Are `System.MulticastDelegate`'s thread-safe?

Question

I'm looking for someone that might know more about this, my gut tells me that the answer is "no, it is not thread-safe" but I want to be sure.

In order to illustrate my question, I have provided some context with this class

public class MyContext
{
    private readonly object _lock = new object();
    public delegate bool MyDelegate(MyContext context);
    private MyDelegate _multicastDelegate;

    public MyContext()
    {
        _multicastDelegate = null;
    }

    public void AddDelegate(MyDelegate del)
    {
        lock(_lock)
        {
            _multicastDelegate += del;
        }
    }

    public void RemoveDelegate(MyDelegate del)
    {
        lock(_lock)
        {
            _multicastDelegate += del;
        }
    }

    public void Go()
    {
        _multicastDelegate.Invoke(this);
    }
}

Edit: I added locks to the example above, but it's really not the point of my question.

---

I am trying to understand better if the array that holds the invocation list is thread-safe. Frankly, I am not clearly seeing how this all gets put together and some help would be appreciated.
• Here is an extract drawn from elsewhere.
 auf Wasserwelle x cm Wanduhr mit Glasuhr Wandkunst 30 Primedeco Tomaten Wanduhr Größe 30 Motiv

According to documentation I have found, the only quote that provides no real insight is the following:

A MulticastDelegate has a linked list of delegates, called an invocation list, consisting of one or more elements. When a multicast delegate is invoked, the delegates in the invocation list are called synchronously in the order in which they appear. If an error occurs during execution of the list then an exception is thrown.
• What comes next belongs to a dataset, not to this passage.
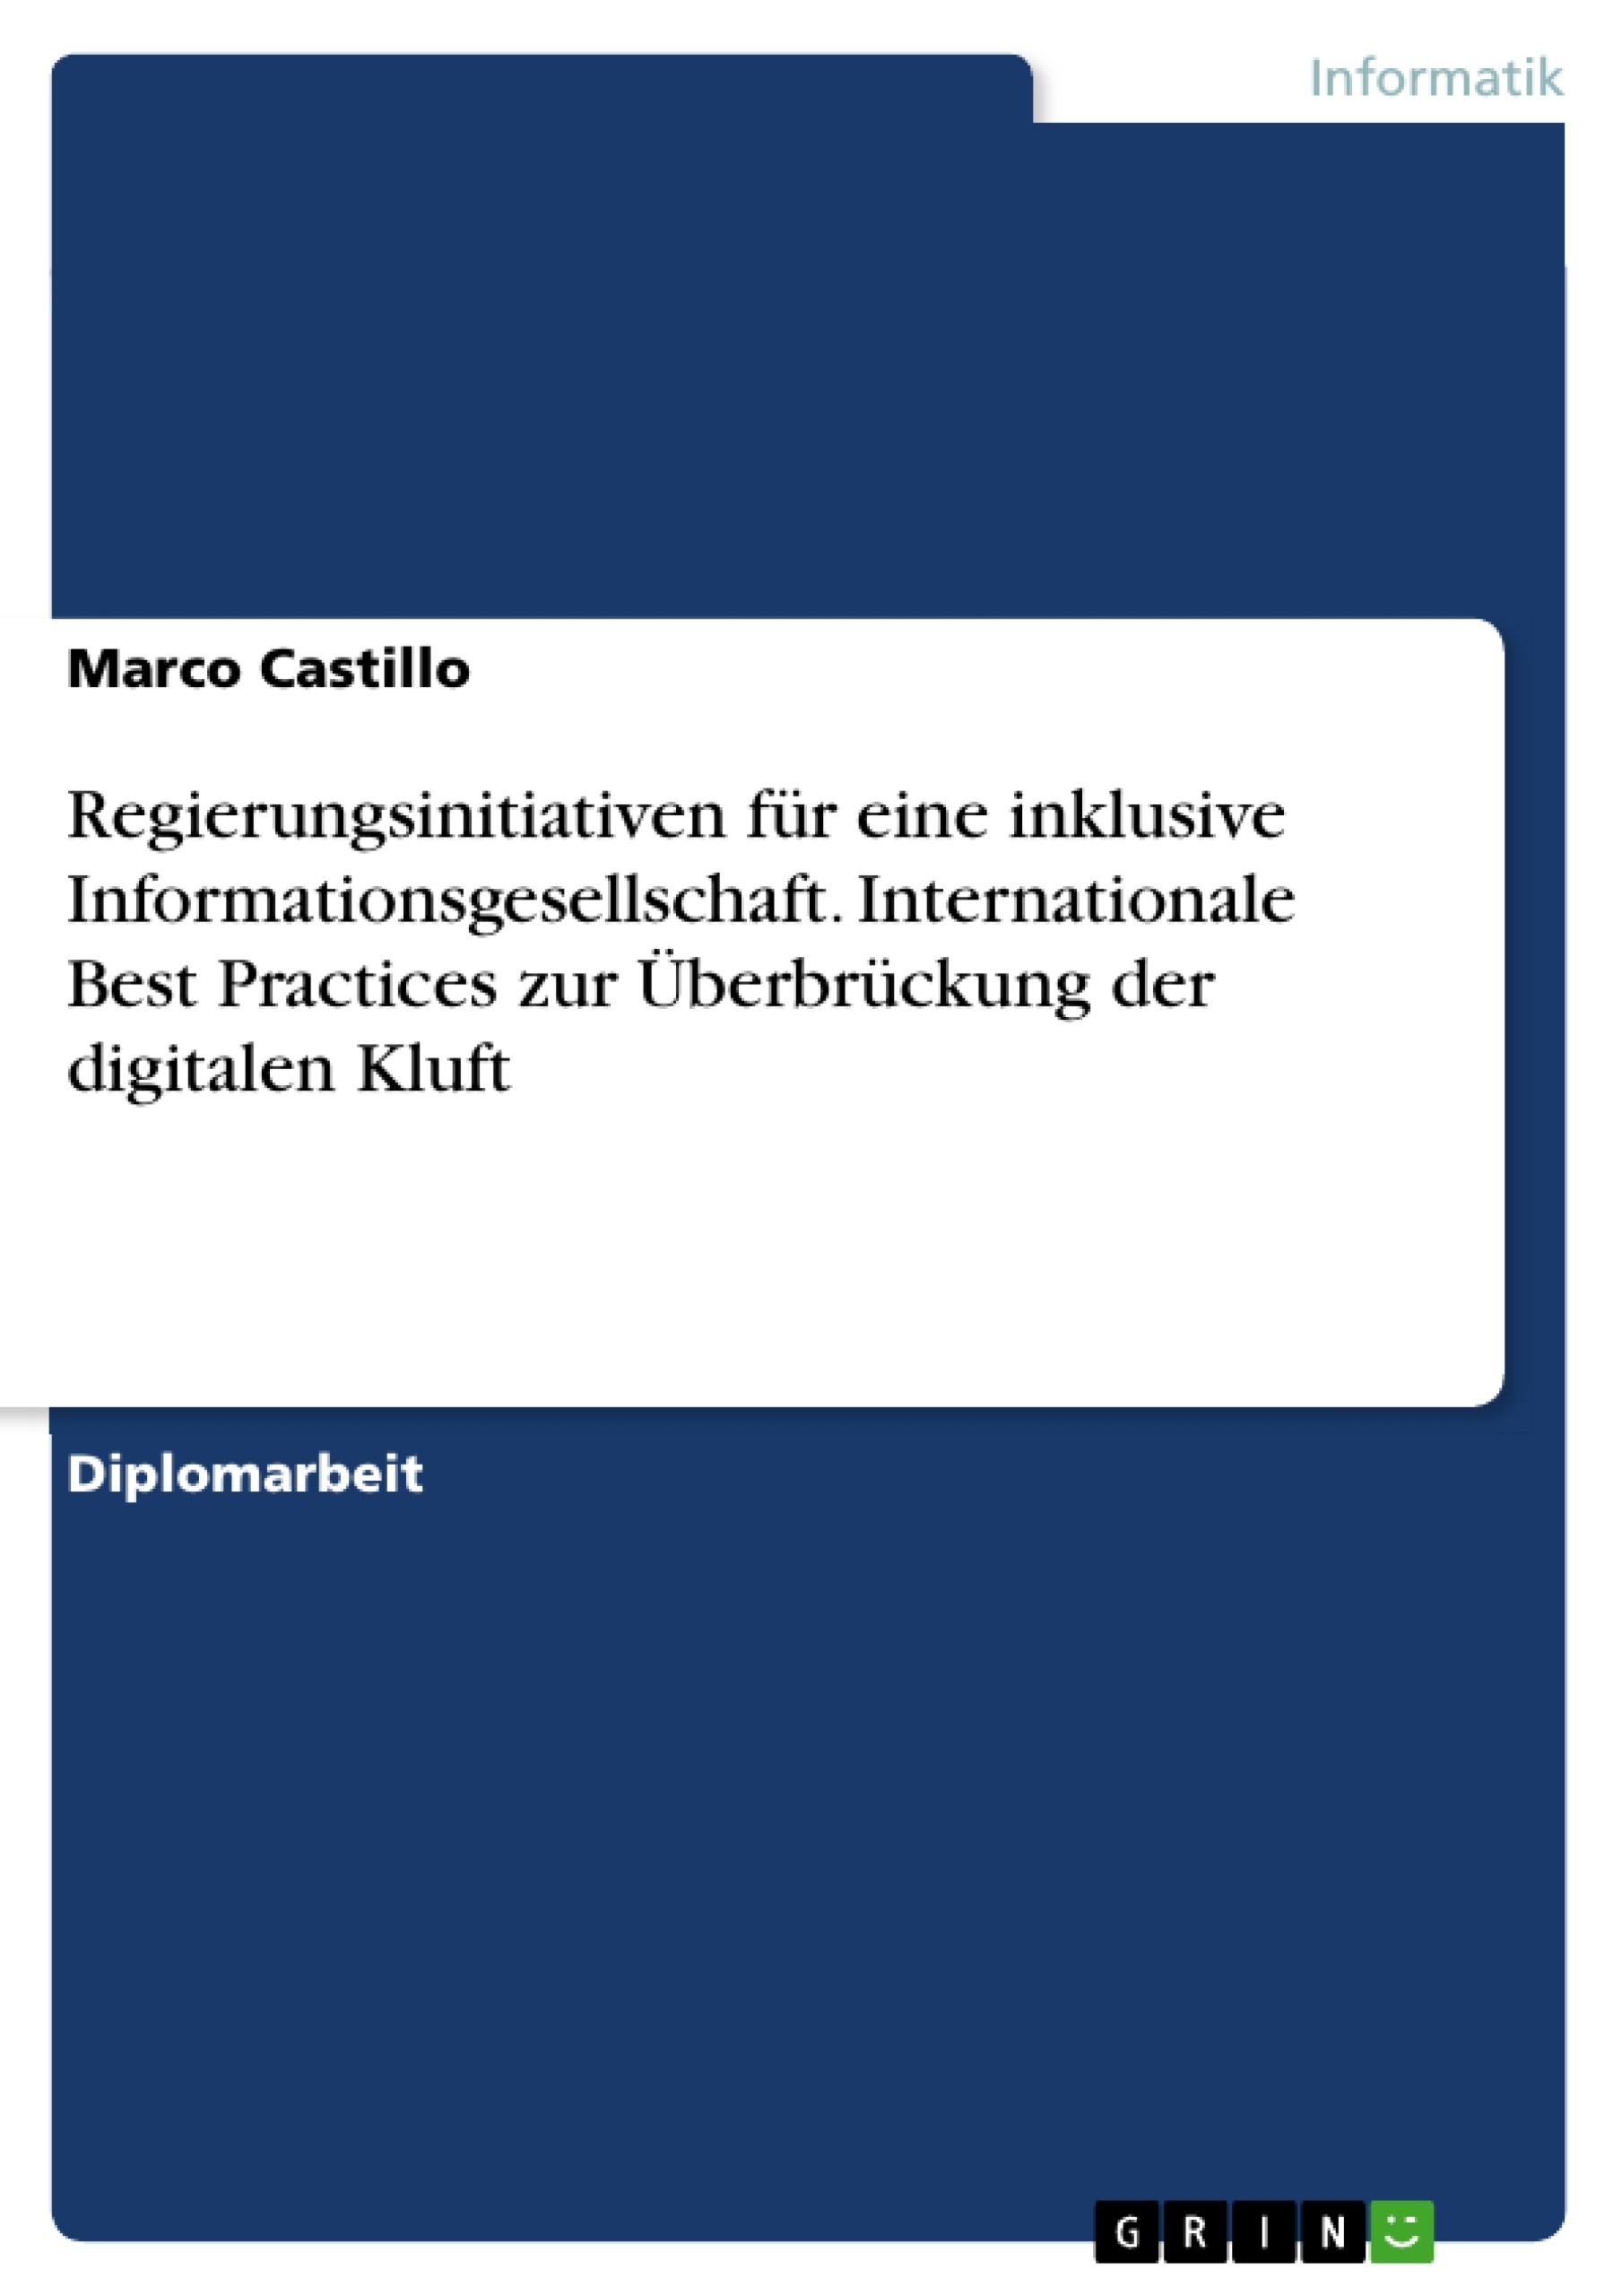 Título: Regierungsinitiativen für eine inklusive Informationsgesellschaft. Internationale Best Practices zur Überbrückung der digitalen Kluft

https://msdn.microsoft.com/en-us/library/system.multicastdelegate.aspx

Thanks in advance.

Answer 1

Delegates are immutable. You never change a delegate. Any method that appears to mutate a delegate is in fact creating a new instance.

Delegates are immutable; once created, the invocation list of a delegate does not change.
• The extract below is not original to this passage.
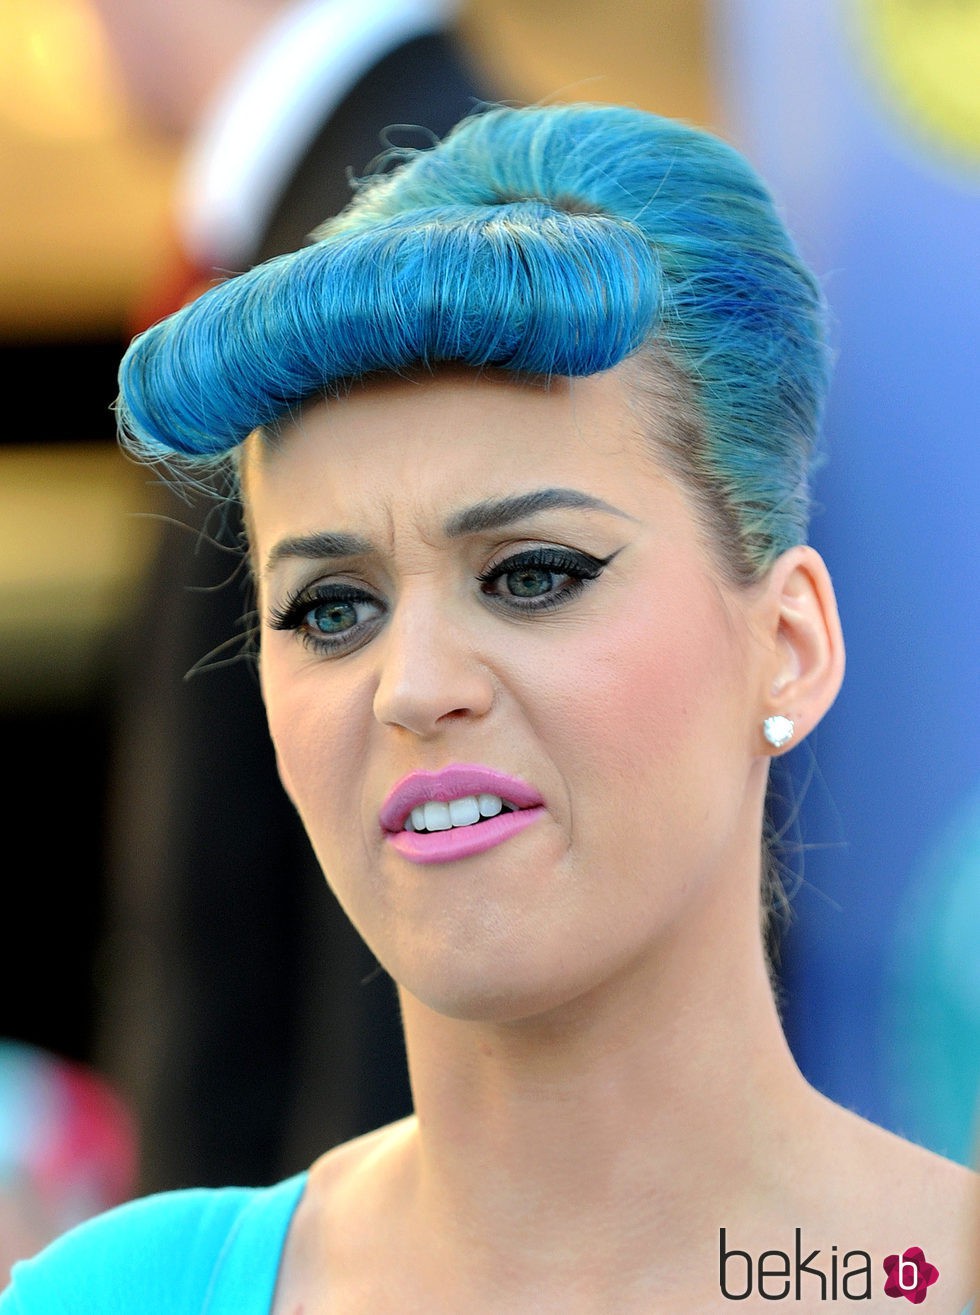 Katy Perry de cabello azul y peinados de los 50's

There is thus no cause for concern that the invocation list may be updated whilst a delegate is being invoked.

What you do have to guard against, however, and have failed to do in your method is when the delegate may in fact be null.

(new MyContext()).Go();

will cause an exception. You used to have to guard against this by reading the value into a local variable, testing it for null and then invoking using it. It can now more easily be resolved as:

public void Go()
{
    _multicastDelegate?.Invoke(this);
}

Answer 2

The definition of thread-safe as used by MSDN documentation means code that is properly synchronized. It usually doesn't state on what it synchronizes, but it can be the class object for static members, the instance object for instance members, or it can be some inner object, such as SyncRoot in many collection types.

Although delegates are immutable, you must still synchronize properly. .NET and C#, unlike Java, don't guarantee safe publication, so if you don't guarantee synchronization, you can observe a partially initialized object in other threads¹.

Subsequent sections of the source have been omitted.